# Dealing with a organizer.



## cccp sparky (Nov 5, 2011)

Anybodys have to doing this? What trickerys do they do?


----------



## HARRY304E (Sep 15, 2010)

cccp sparky said:


> Anybodys have to doing this? What trickerys do they do?


Don't wait to find out Fire him.


----------



## don_resqcapt19 (Jul 18, 2010)

If you don't want to spend a lot of money and time in court, you need to consult a labor lawyer before you do anything.


----------



## Loose Neutral (Jun 3, 2009)

organizer or salt?


----------



## B4T (Feb 10, 2009)

I know a 'community organizer" that will be out of work in (282) days and looking for a new gig.. :laughing::thumbup::laughing:


----------



## Loose Neutral (Jun 3, 2009)

Stop. Who's going to replace him. Romney, how can you identify with that cat.


----------



## B4T (Feb 10, 2009)

No names.. this is a family friendly forum..


----------



## HARRY304E (Sep 15, 2010)

Loose Neutral said:


> Stop. Who's going to replace him.

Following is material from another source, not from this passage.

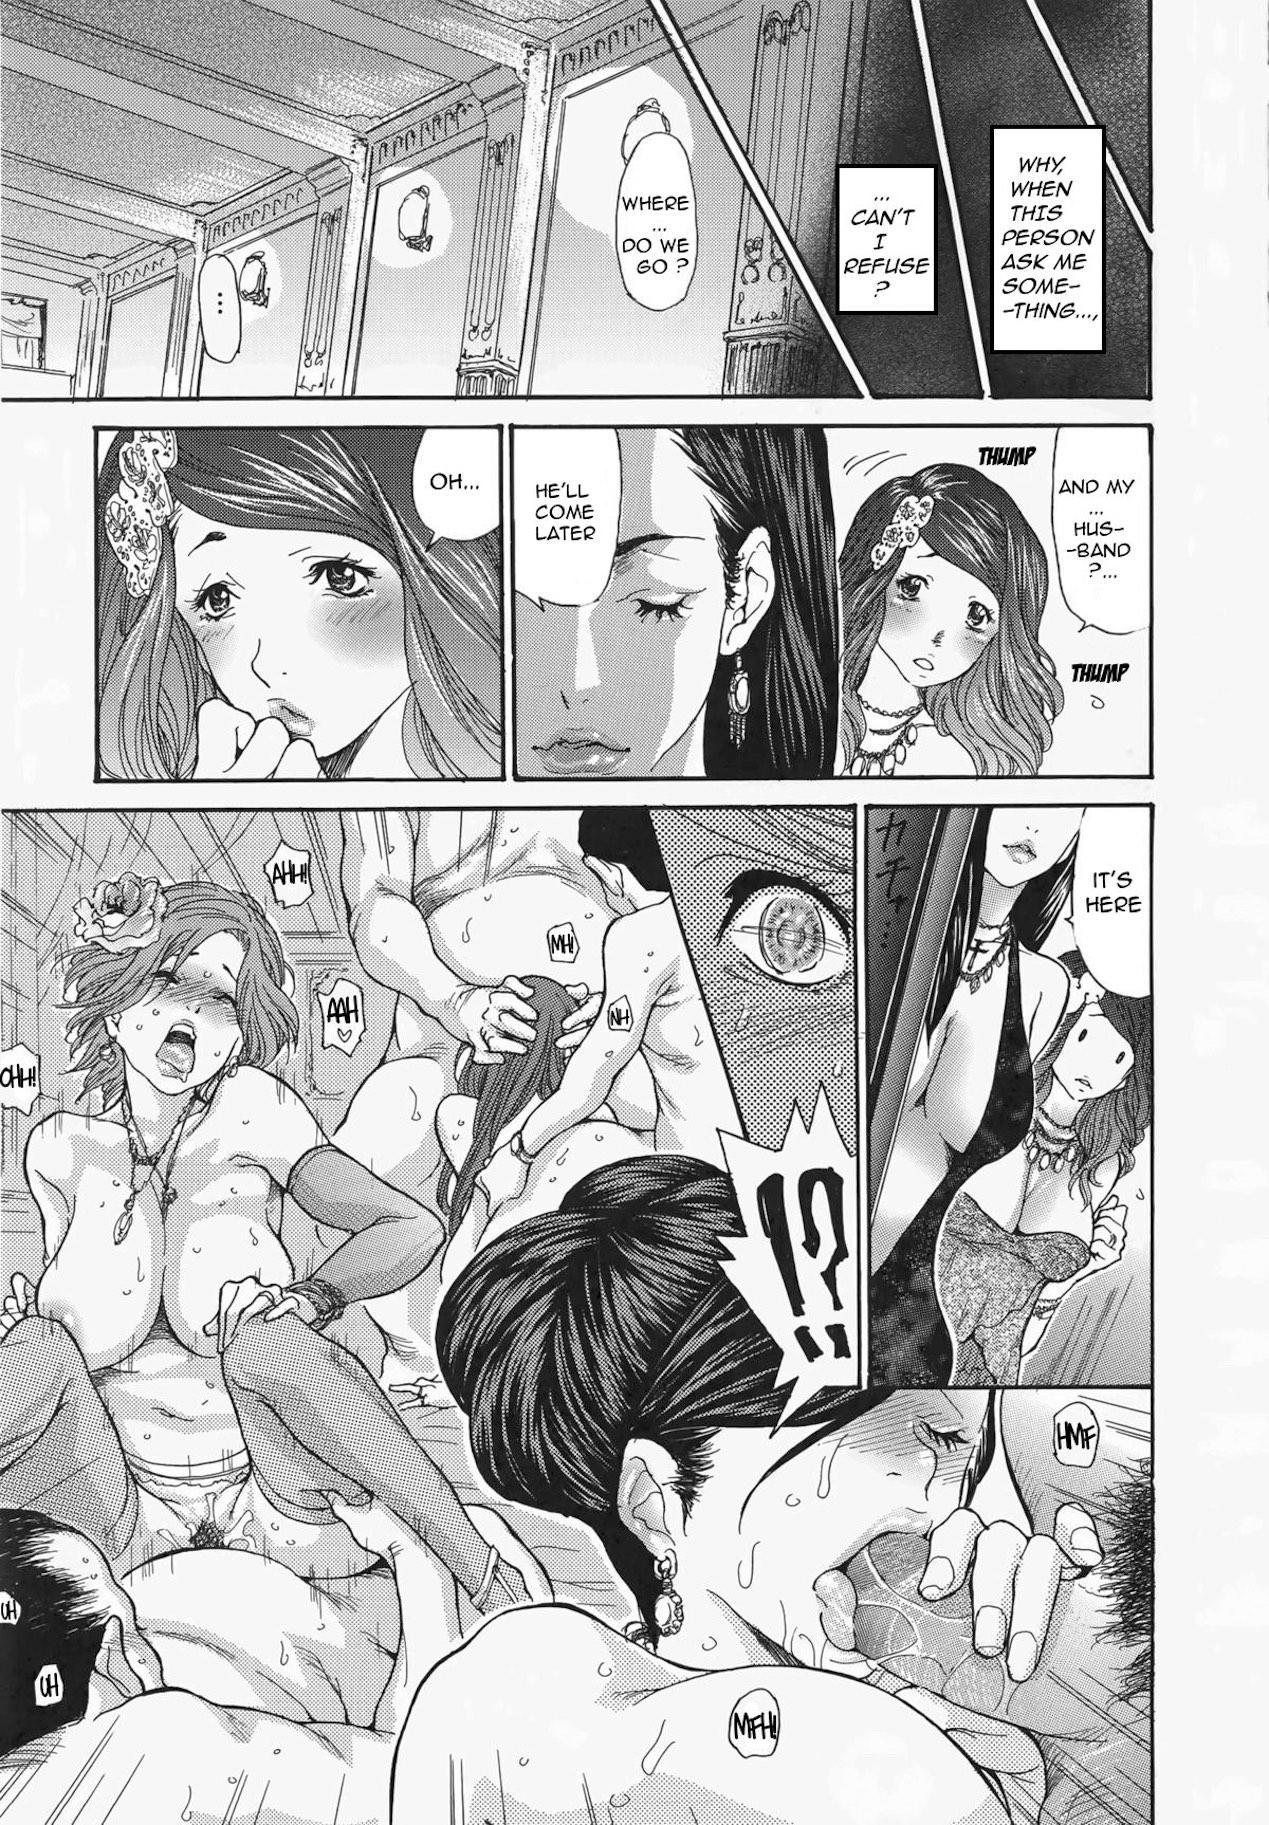 [Aoi Hitori, Izayoi Seishin, Yamasaki Masato] Metamorphose ~Celeb Zuma no Seien~ Ch. 1-8 [English][Decensored] [R-IC] 12
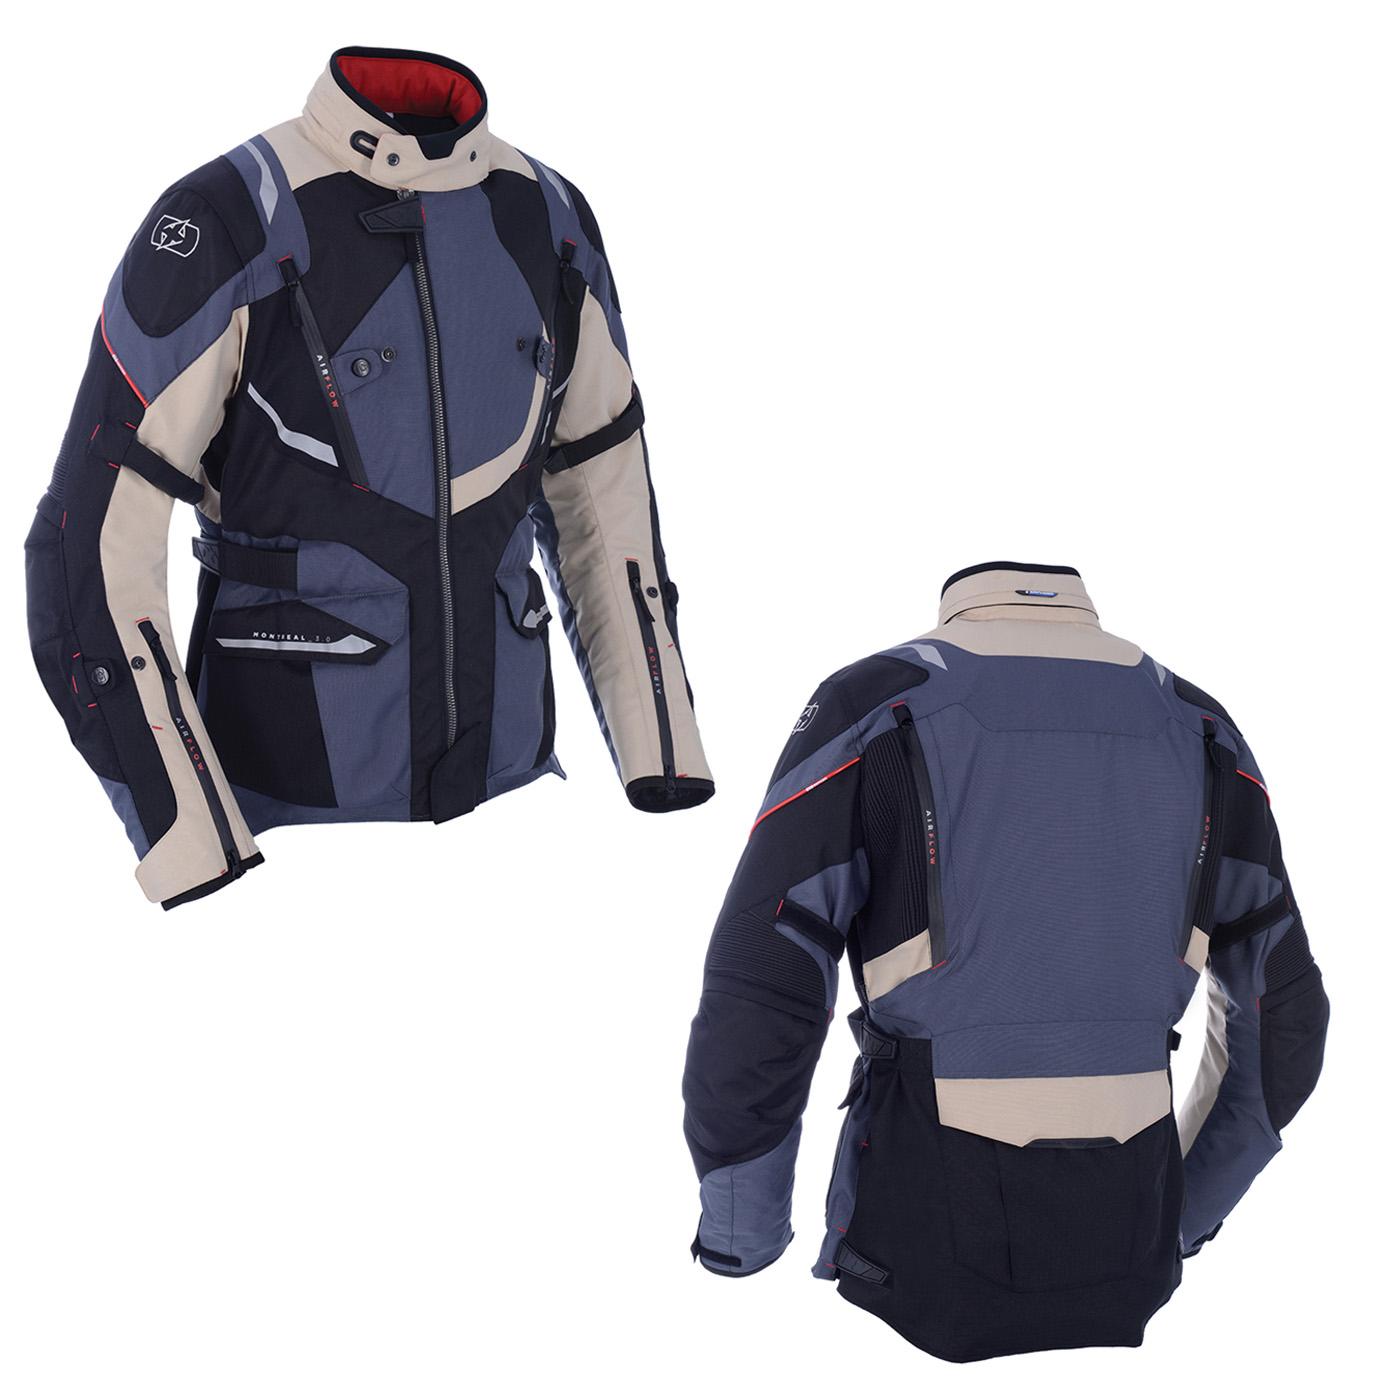 Desert Oxford Motorcycle Motorbike Waterproof Montreal 3.0 Textile Jacket

Romney, how can you identify with that cat.


They are both swimming in money so you would have to judge them by which one gives more to charity......:laughing::thumbup:


----------



## BBQ (Nov 16, 2010)

B4T said:


> No names.. this is a family friendly forum..


Remember guys, B4T is the decider of what is right and what is wrong.

He can bring politics into the thread but stop others from doing so.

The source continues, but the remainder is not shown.